Medical researchers have noticed that some diseases differ by SIRE (self-identified race/ethnicity) groups which differ by genomic (racial) ancestry. Hence, when genomic measures became available (last 15 years or so), they measured peoples relative proportions of ancestry in mixed populations to see if the diseases would be predictable by ancestry. They were. This establishes with high certainty that the group difference is genetic. Of course, this could be used on other traits such as cognitive ability, personality and socioeconomic outcomes (and it has for the latter, we are doing a meta-analysis).

None of this is new. However, here comes the trick. If we know that two ancestries differ for some trait, we can use this to pinpoint where on the genome the genes for this trait are. How? Consider the simple case where we have a disease trait where persons can be clearly scored as either/or (e.g. ever had prostate cancer). We gather a lot of persons with mixed ancestry, cases and controls. Then we look at difference in their ancestry at small intervals of their chromosomes. Because the trait is genetically linked to one ancestry, the cases will show more of the ancestry in some parts of their genome than the controls. These are the places to look for causal variants at. Consider the two figures from Winkler et al 2010.
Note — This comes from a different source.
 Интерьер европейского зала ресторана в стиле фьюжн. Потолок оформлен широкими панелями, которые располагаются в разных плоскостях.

Winkler, C. A., Nelson, G. W., & Smith, M. W. (2010). Admixture mapping comes of age. Annual review of genomics and human genetics, 11, 65-89.

admix map0

admix map1

Winkler reports that the sample sizes needed for this are much smaller than blind-within ancestry standard GWAS (as usually done on Europeans).
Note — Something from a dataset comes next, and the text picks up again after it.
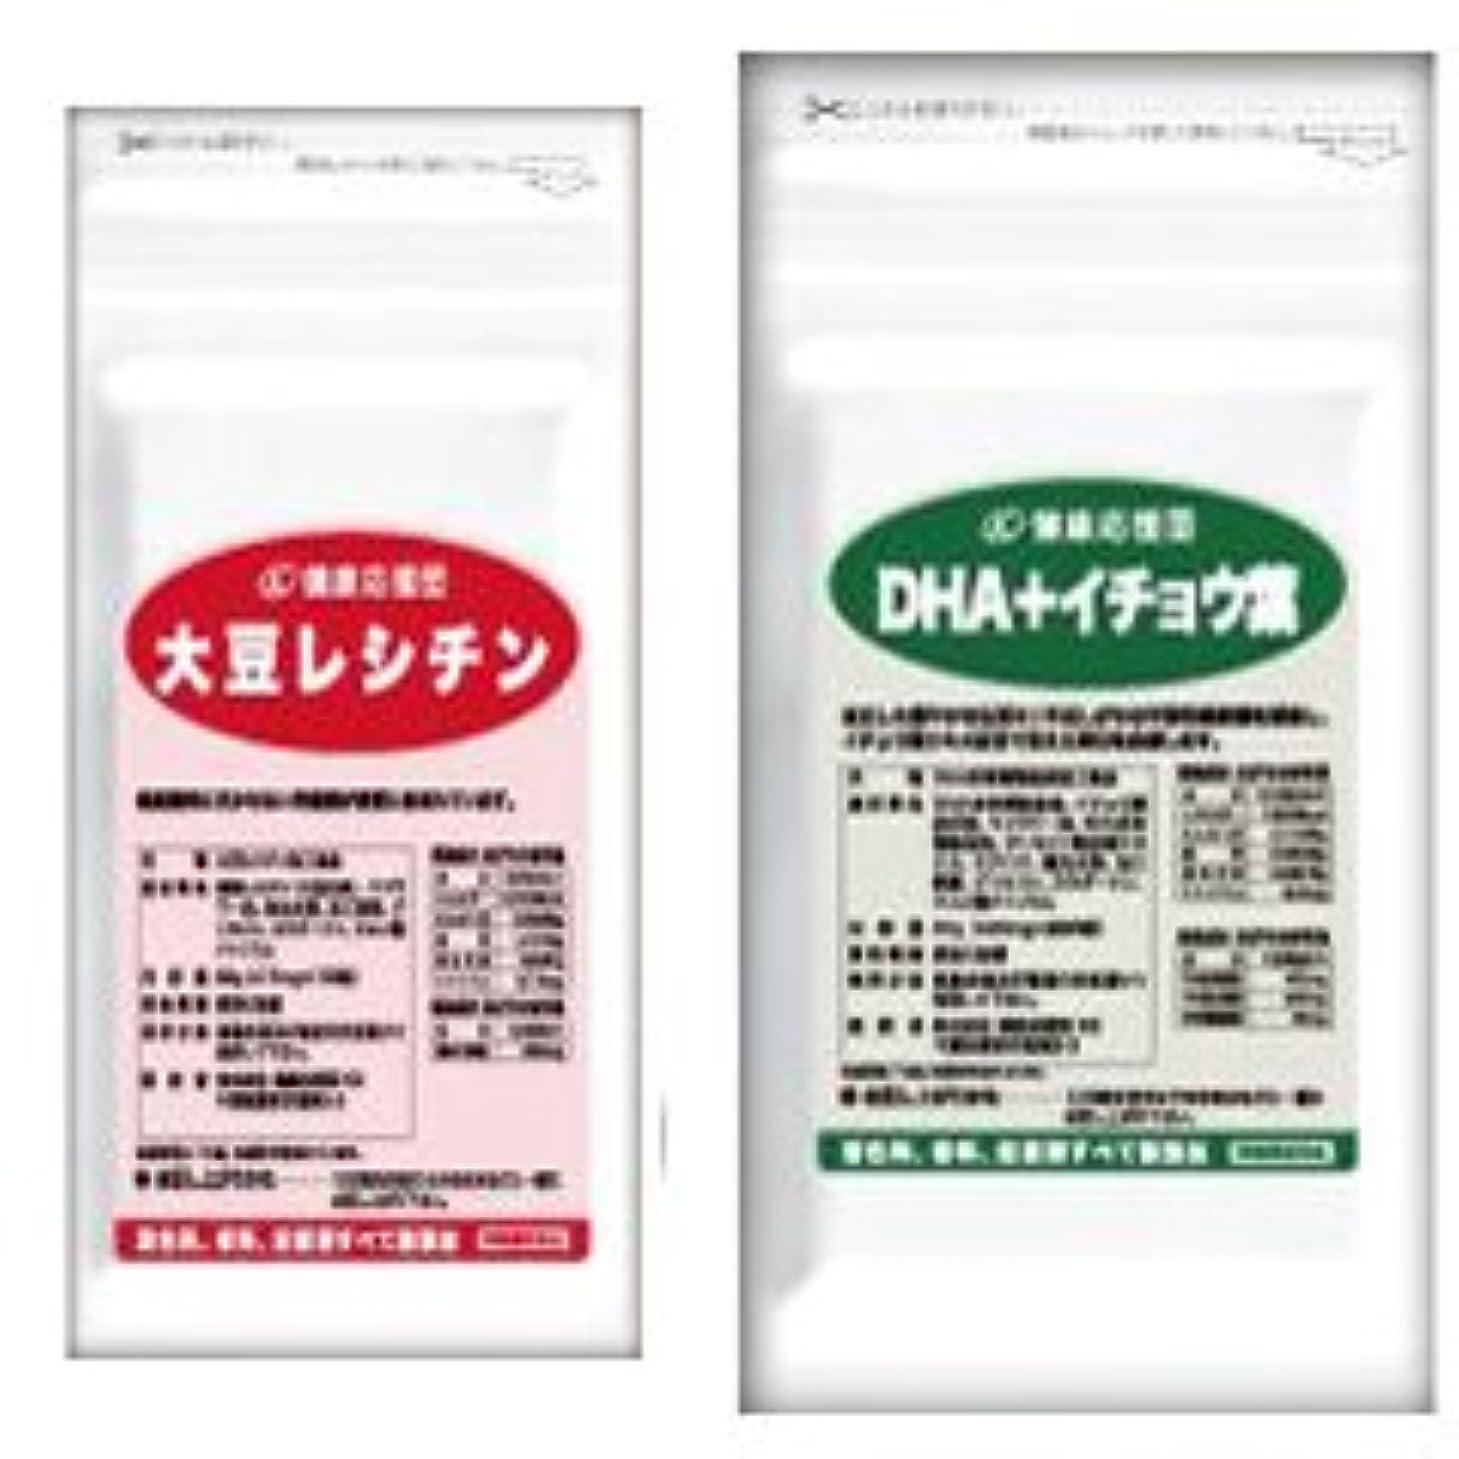 ヒープがっかりした喜び流れサラサラセット 大豆レシチン+(DHA?EPA+イチョウ葉) お徳用12か月分

This method can be combined with the standard GWAS method. I envision that one ‘simply’ does this by first establishing that a trait differs for genetic reasons across two ancestries in an admixtured group (e.g. African Americans, Hispanics/Mexicans/Mestizos). Then one uses the admixture mapping to establish plausible segments of the genome where causal variants are. This may not be enough to identify specific variants, but one can then use these values as the prior probabilities for a standard GWAS. This should drastically decrease the necessary sample size to find the variants and thus accelerate the search. The faster we can find the variants, the faster we can either edit them directly with CRIPR-like methods or use the information for selection with embryo selection.

This may make it more tractable to find variants when we start doing GWAS on full genomes instead of SNP genomes. SNP genomes have 1e5 to 1e6 variants to examine, but whole genomes have about 3e12, i.e. about 1e6 times more. This means that false positives are an even larger problem. The added statistical power from admixture mapping assisted GWAS should help nicely here.

There is one significant problem with this method, but it is not a scientific one: To use it for a given trait, one must come to terms with the existence of a genetic group difference. It is not surprising that it has primarily been used on disease traits where these claims meet less resistance (because it is about helping). However, a recent mainstream study has examined height and BMI group differences in European populations, so there is some hope that times are a changin.